Saturday, June 16, 2012

Social investments

In times of failing economic demand, Keynesian economic theory famously suggests that governments should act in a counter-cyclical manner and boost demand through investments. Developed in direct reaction to the paralyzing austerity and non-activism of the 1930’s, Keynes’ work showed how government belt-tightening, far from restoring economic confidence, had put the economy into a dangerous tailspin.

Today, many people on the Left (but also those with a very different ideological outlook) argue for financial expansionism in response to the prolonged economic crisis. Yet, the situation today is fundamentally different from the situation in the 1930’s. With an ageing demographic and mountains of public debt already accumulated in many countries, it is doubtful that simply spending more borrowed money will be helpful, in particular in a world of international finance and open borders. If anything, it could hasten insolvency and state bankruptcies. This is why I repeatedly have argued that instead of simply spending more, we have to take this opportunity to reconsider what we spend our money on. In essence, my argument has been that if the Left had any imagination, it could have used this crisis to challenge entrenched interests ranging from the military-industrial complex to agricultural subsidies.
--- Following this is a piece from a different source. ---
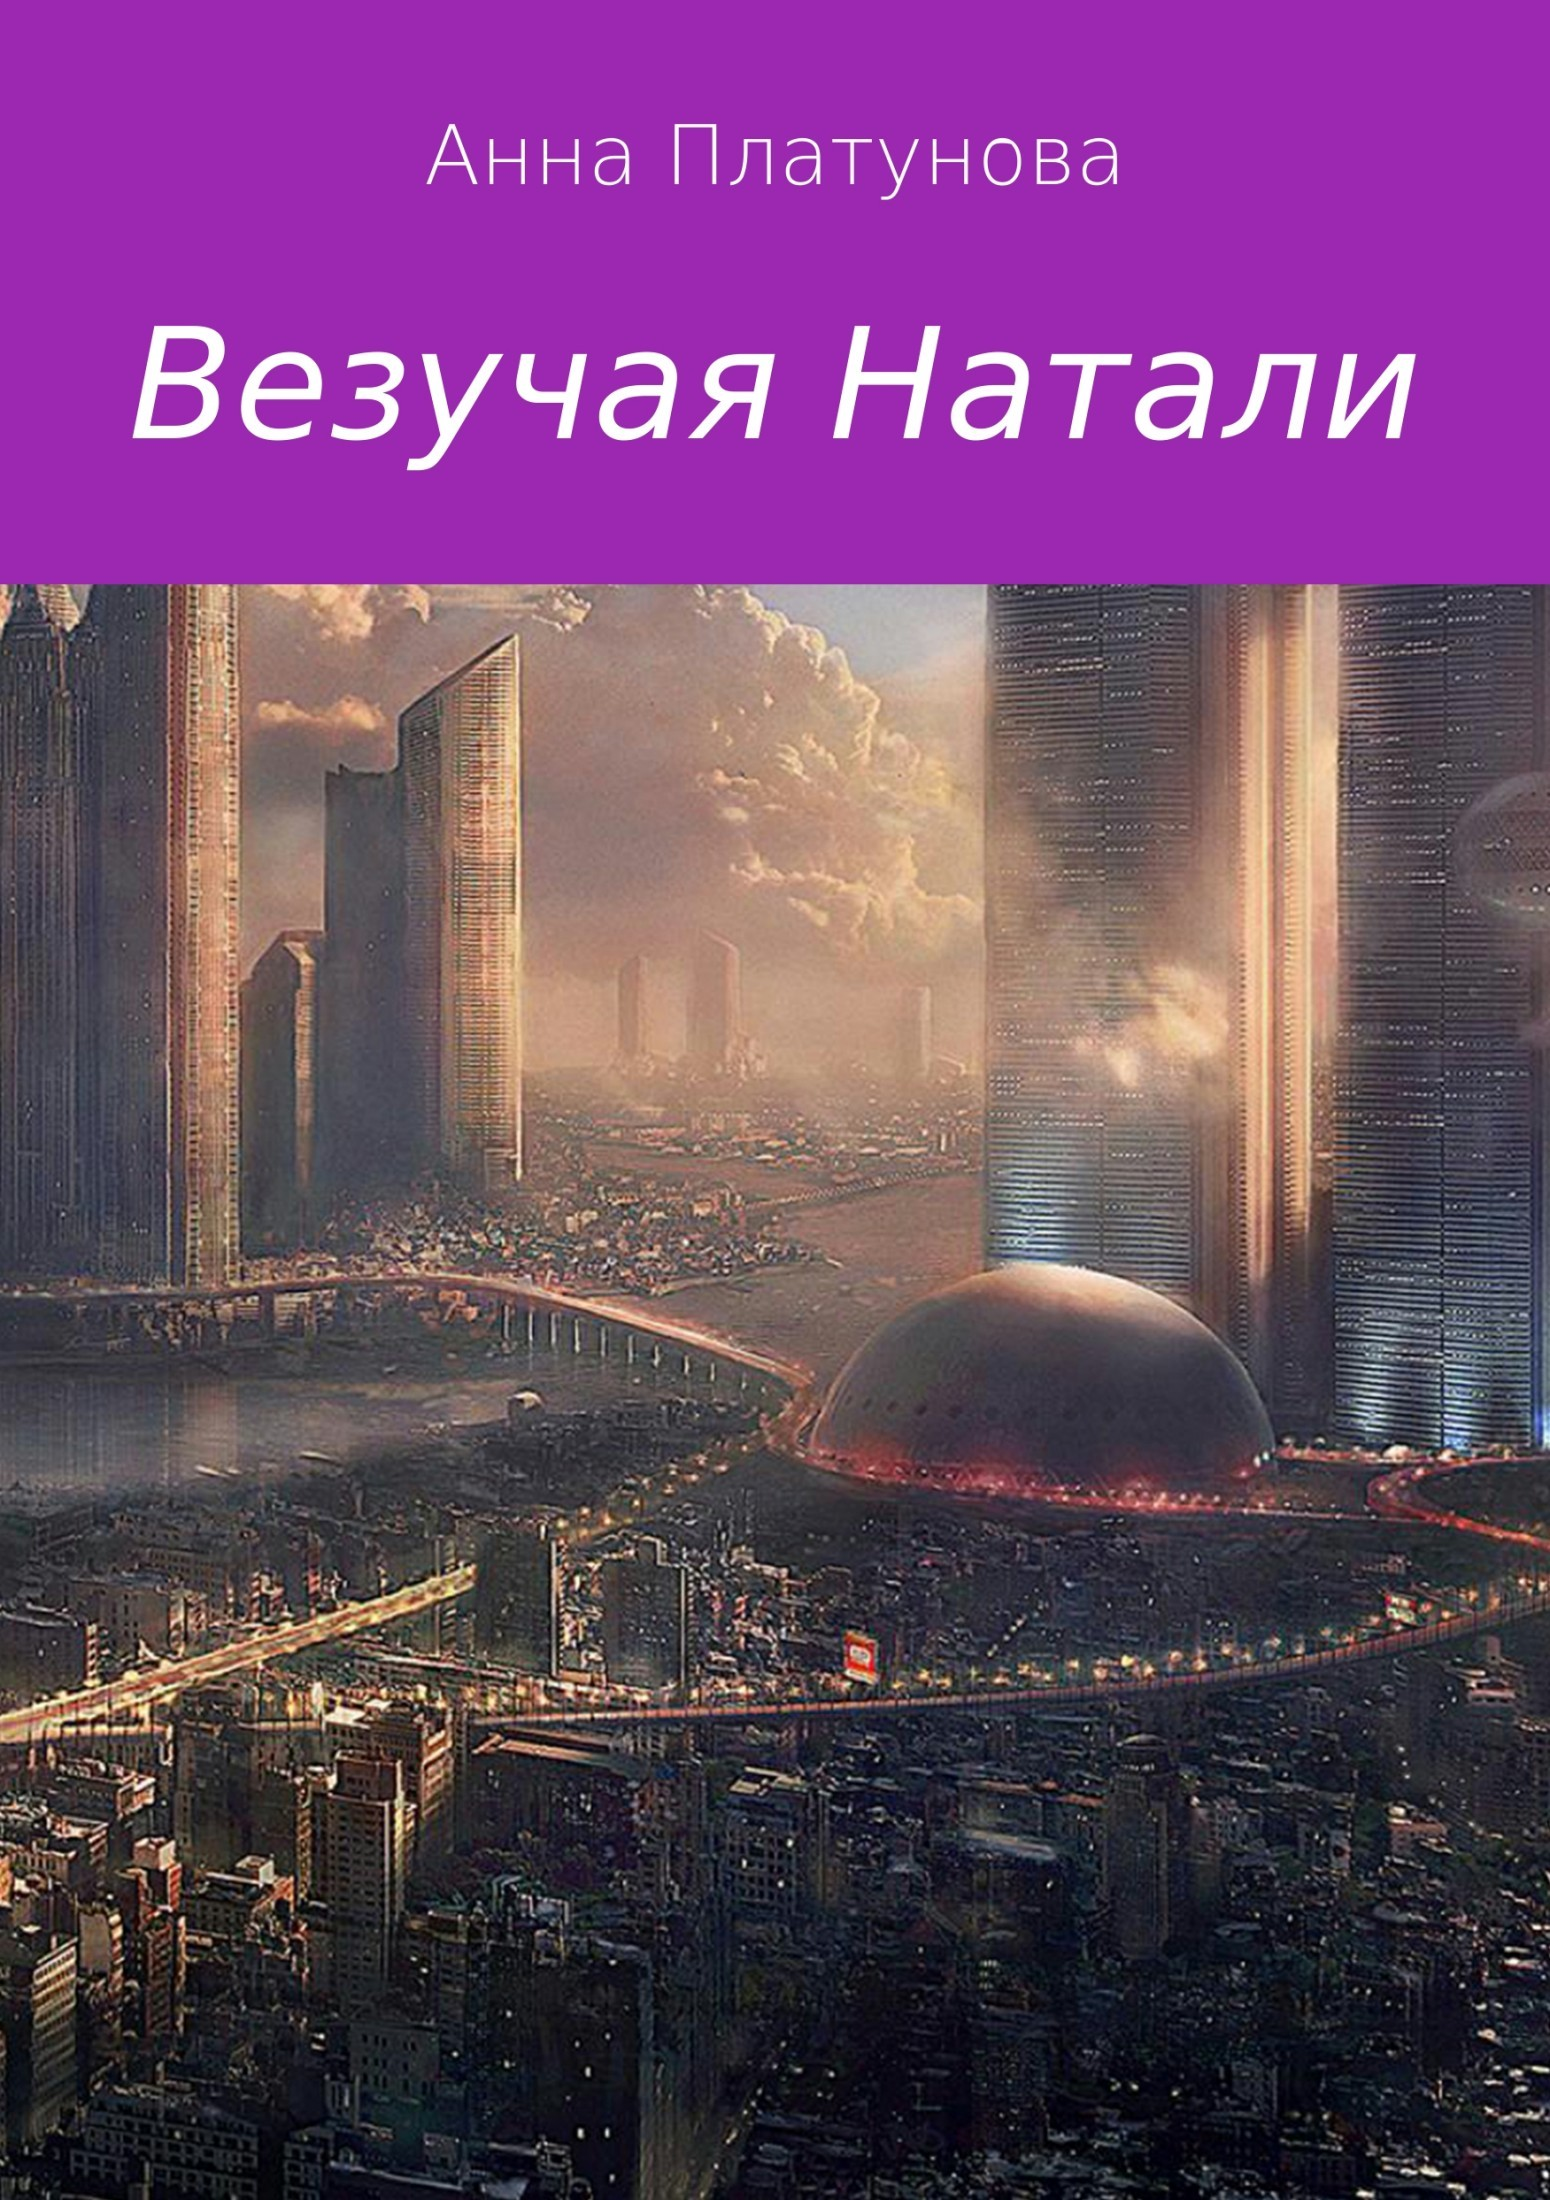 Анна Платунова - Везучая Натали

Yet, considering that this may be extremely difficult in political terms, a first preliminary step would be to think hard about the role of social investments. Despite the overwhelming success of welfare capitalism in Sweden and elsewhere, many people on the Left have remained ideological hostage to Marxists thinking. Instead of embracing the possibilities of functional socialism, they have insisted that exploitation is an inseparable feature of capitalism and continued to advocate confrontation as their main political strategy. In some countries, such as Sweden, the talk about “resisting capitalism” may have been mostly rhetorical, yet it has definitely reinforced social polarization and made it more difficult for people on the Right to see how they would benefit economically from greater equality and a higher rate of social investments.

While it may be theoretically simple to refute the idea that there is a trade-off between economic efficiency and equality (in an advanced knowledge economy, the rich benefit much more from having more people contributing with creativity and imagination than from the short-term gains that can be had through exploitation), the spectre of this kind of ideas still pops up everywhere, in particular when analysing economic globalization. What is needed is a counter-story, one that persuasively shows how investing in other people, both at home and abroad, make us all better off than we would ever be through exploitation. Considering the work of Peter Lindert (but also people like Gøsta Esping-Andersen), this should be fairly simple. What is often missing however is the radical imagination, the capacity to imagine what all this could mean if we dare to follow our own thoughts into the future.

However, it is precisely when we follow that thought that we begin to realize why the Left has been so hesitant about radical social investments. Draped in working-class nostalgia and uncertain about the long-term goals of emancipation (as seen not the least in its ambivalent stance towards feminism), the Left has become fundamentally uncertain about what purposes its politics should serve. Tied down by postmodern quibbles, people on the Left in academia have not been of much help either. Always quick to criticize “global capitalism”, these academics have had almost nothing to say about what could replace it and how the material needs of the rising poor should be satisfied without causing ecological mayhem.

3 Comments:

Anonymous Anonymous said...

Du ser exploatering som något moraliskt, men det är inte den marxistiska definitionen. Lönearbete är exploatering per definition oavsett arbetets konkreta karaktär. Det är som abstrakt, mänskligt arbete som exploateringen framträder. /F.d student till dig i Lund

9:21 pm  
OpenID lenasommestad said...

I like your call for more social investments as a response to the crisis.
However, I am not completely in agreement as regards your critique of Keynesian expansionary policies as a way to address the present crisis.
You say that it may be problematic to spend more with borrowed money. However, the problem is that the money borrowed is not, in fact, SPENT on investment. It is used to pay back to creditors who care more for hoarding money then for spending money on productive activities.
One of KEynes' key ideas is his differentiation between saving and investment.

4:13 pm  
OpenID lenasommestad said...

I like your call for more social investments as a response to the crisis.
However, I am not completely in agreement as regards your critique of Keynesian expansionary policies as a way to address the present crisis.
You say that it may be problematic to spend more with borrowed money. However, the problem is that the money borrowed is not, in fact, SPENT on investment. It is used to pay back to creditors who care more for hoarding money then for spending money on productive activities.
One of KEynes' key ideas is his differentiation between saving and investment.